## EXPLORATORY DATA ANALYSIS

In [None]:
import pandas as pd
import sqlite3

In [None]:
# connecting database connection
conn=sqlite3.connect('inventory.db')

In [None]:
# checking tables present in the database
tables=pd.read_sql_query("SELECT name FROM sqlite_master WHERE TYPE ='table'",conn)
tables

In [None]:
pd.read_sql("select count (*) from purchases",conn)

In [None]:
for table in tables['name']:
    print('-' * 50, f'{table}', '_' * 50)
    
    count_query = f"SELECT COUNT(*) as count FROM {table}"
    count = pd.read_sql(count_query, conn)['count'].values[0]
    print(f'Count of records: {count}')
    
    display(pd.read_sql(f"SELECT * FROM {table} limit 5", conn))


In [None]:
for table in tables['name']:
    df = pd.read_sql(f"SELECT * FROM {table} LIMIT 1", conn)  # Get one row
    print(f"Table: {table}")
    print("Columns:", df.columns.tolist())
    print('-' * 50)

### Analysis 4466 vendor using the all tables

In [None]:
purchases=pd.read_sql_query("select*from purchases where VendorNumber=4466",conn)
purchases

In [None]:
purchases_prices=pd.read_sql_query("select * from purchase_prices where VendorNumber = 4466",conn)
purchases_prices

In [None]:
sales=pd.read_sql_query("select * from sales where VendorNo = 4466",conn)
sales

In [None]:
vendor_invoice=pd.read_sql_query("select*from vendor_invoice where VendorNumber=4466",conn)
vendor_invoice

In [None]:
purchases.groupby(['Brand','PurchasePrice'])(['Quantity','Dollars']).sum()

In [None]:
purchases.groupby(['Brand', 'PurchasePrice'])[['Quantity', 'Dollars']].sum()


In [None]:
purchases_prices

### using sales datasets

In [None]:
sales.groupby(['Brand'])[['SalesDollars','SalesPrice','SalesQuantity']].sum()

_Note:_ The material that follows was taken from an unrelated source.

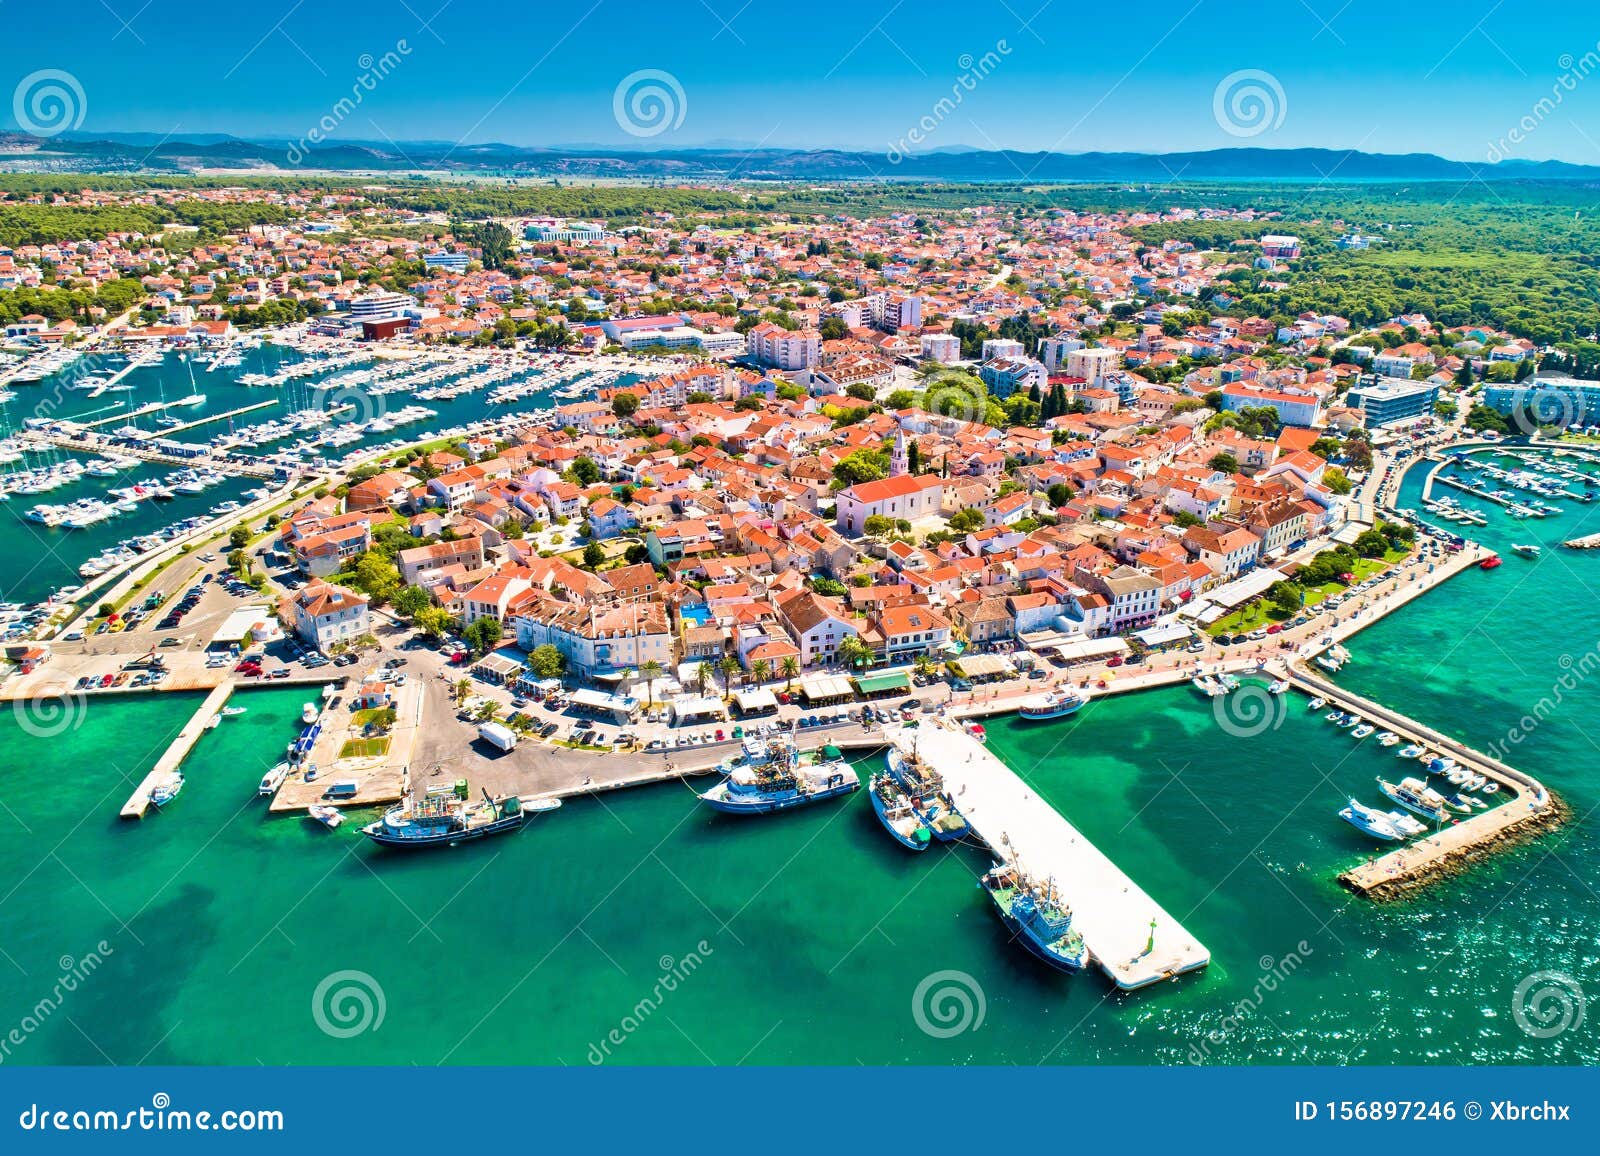 biograd na moru historic coastal town aerial view

### comparision purchases and sales

In [None]:
# Step 1: Aggregate sales data
sales_summary = sales.groupby('Brand')[['SalesDollars', 'SalesPrice', 'SalesQuantity']].sum().reset_index()

# Step 2: Aggregate purchases data
purchase_summary = purchases.groupby('Brand')[['Dollars', 'Quantity']].sum().reset_index()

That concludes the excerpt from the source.